Welcome on Lewis. I had a chance to see the pics thats Paul posted of your comp. You looked excellant and your legs are f**king monsterous:thumb: Nice work and best of luck in your future pursuits.....

Brian


----------



## GHS

reflexlewis said:


> just checkd out your pics and u seem 2 have a wide set of shoulders on you which will look awesome on stage wen u fill out your frame!
> 
> and plenty of time 2 do that!!!!!


Thanks for your time mate. Yeah I've got until September next year and then hopefully October if I make the finals.

Even though your looking great in that pic are there any body parts you're specifically working on bringing up this year?

GHS


----------



## reflexlewis

zeus87529 said:


> Welcome on Lewis. I had a chance to see the pics thats Paul posted of your comp. You looked excellant and your legs are f**king monsterous:thumb: Nice work and best of luck in your future pursuits.....
> 
> Brian


cheers zeus! thanks 4 the comments

i couldnt train my legs from 8 weeks prior 2 the show cuz of an injury, but it didnt seem 2 matter 2 much.


----------



## reflexlewis

GHS said:


> Thanks for your time mate. Yeah I've got until September next year and then hopefully October if I make the finals.
> 
> Even though your looking great in that pic are there any body parts you're specifically working on bringing up this year?
> 
> GHS


arms are my main priority as i hate them!!!

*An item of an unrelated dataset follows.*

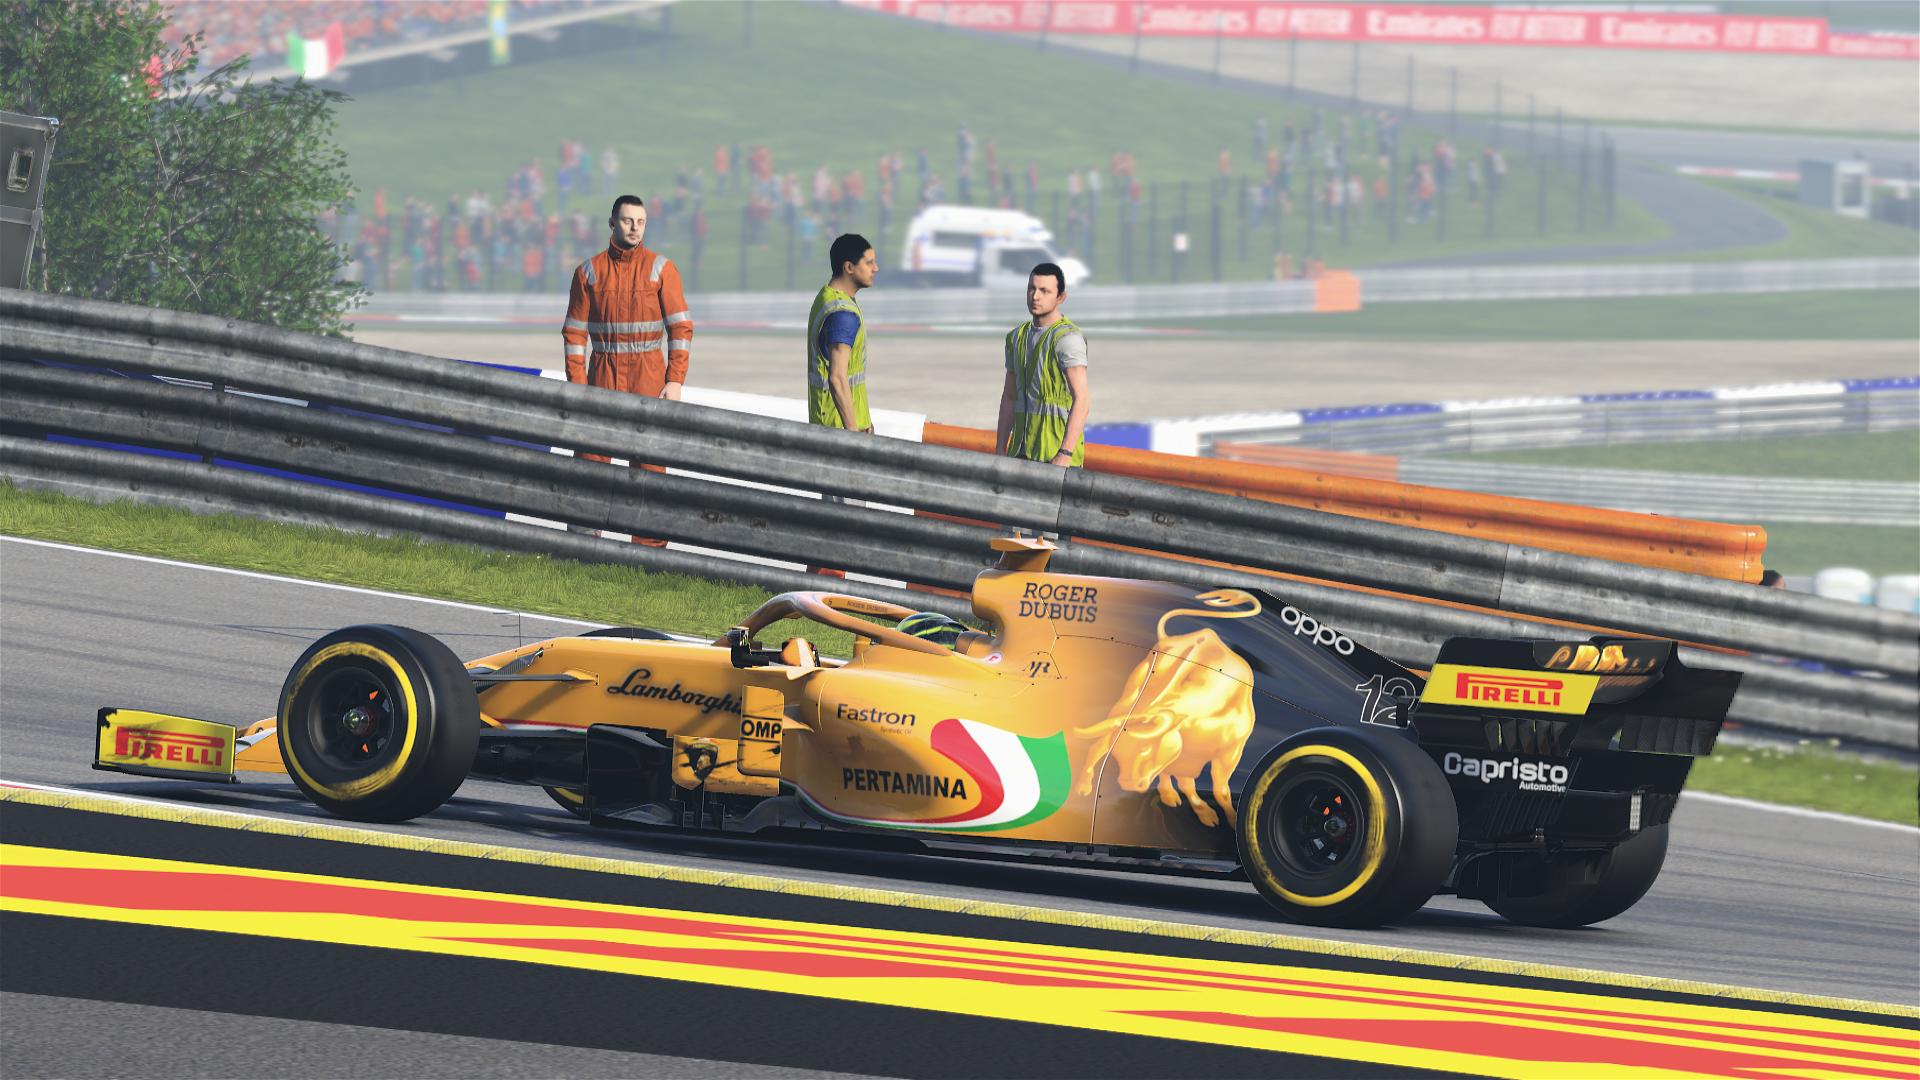 F1 2020 Screenshot 2021.09.25 - 00.28.38.41.png
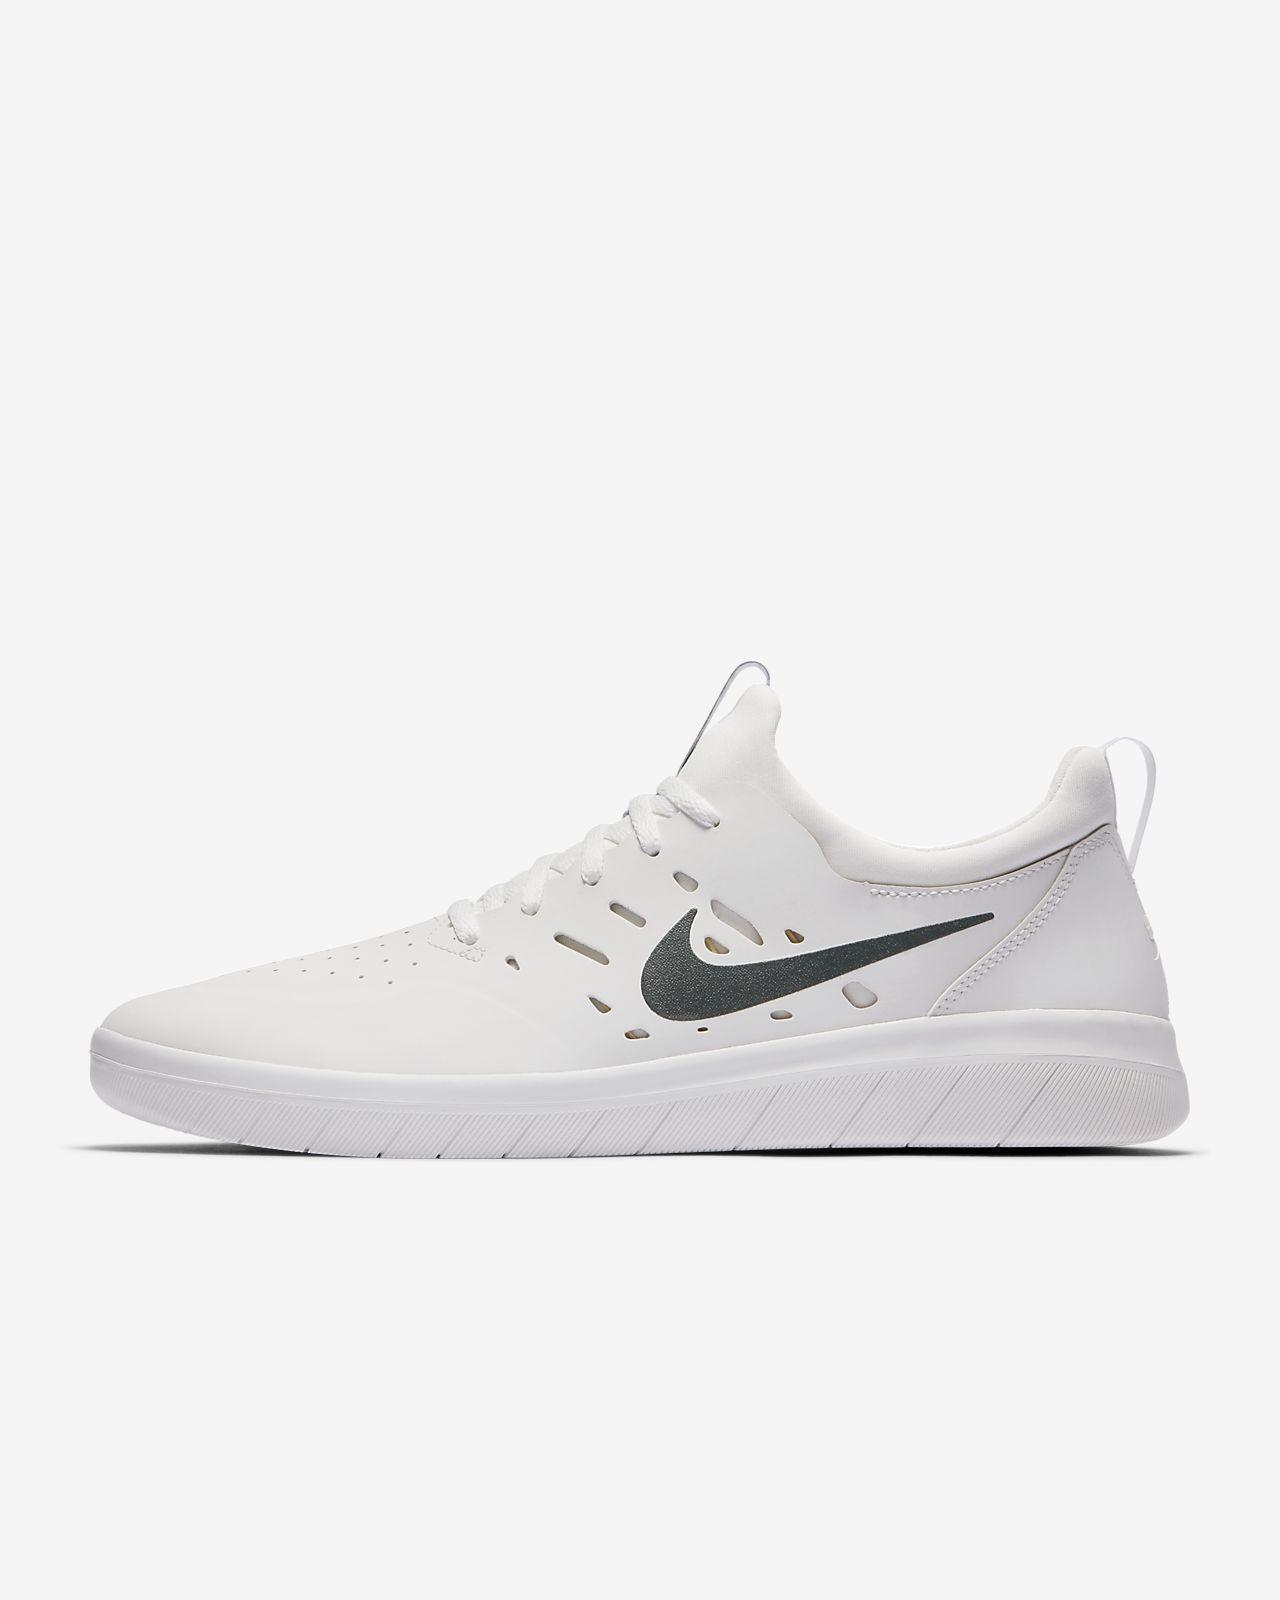 Calzado de skateboarding Nike SB Nyjah Free

calfs also and then just overall size and thickness

(i would like 2 bring my lower body up even more cuz id love massive legs!!!!)


----------



## hilly

welcome mate good to have you on here you look awesome for any1 never mind some1 of ure age.

also congrats on the sponsorship reflex is my fave protein.


----------



## GHS

reflexlewis said:


> arms are my main priority as i hate them!!!
> 
> calfs also and then just overall size and thickness
> 
> (i would like 2 bring my lower body up even more cuz id love massive legs!!!!)


Your legs are crazy mate lol. Those veins look great!

What are you currently weighing?

GHS


----------



## onlysiuk

Hi Lewis

I'm new on here too, and live in Plymouth. Good to see you here. Keep up the already excellent work and physique! Hope to see you and Stuart at the gym soon and hopefully you'll both be able to help me build some muscle!

Simon


----------



## cellaratt

Welcome to the board bro...great to have ya'...


----------



## reflexlewis

hilly2008 said:


> welcome mate good to have you on here you look awesome for any1 never mind some1 of ure age.
> 
> also congrats on the sponsorship reflex is my fave protein.


cheers hilly much appreciated,

yeh i chose reflex cuz i no they r good quality stuff!!!


----------



## reflexlewis

cellaratt said:


> Welcome to the board bro...great to have ya'...


thanks cellaratt


----------



## miles2345

gettin earlier each night mate, the bug is gettin ya!!  how come you and stu trained arms on a weds, you doin them twice a week now??


----------



## reflexlewis

GHS said:


> Your legs are crazy mate lol. Those veins look great!
> 
> What are you currently weighing?
> 
> GHS


to be honest mate not weighd myself in bout a month or two,

my last off season i got up to 17 stone at 5 foot 8 wif 10.2 % bodyfat

will expect 2 be much heavier this off season, but im not worried bout weight, it what u look like, i cud easilly bang on s**t loads of weight but i no i wud look ****


----------



## reflexlewis

miles2345 said:


> gettin earlier each night mate, the bug is gettin ya!!  how come you and stu trained arms on a weds, you doin them twice a week now??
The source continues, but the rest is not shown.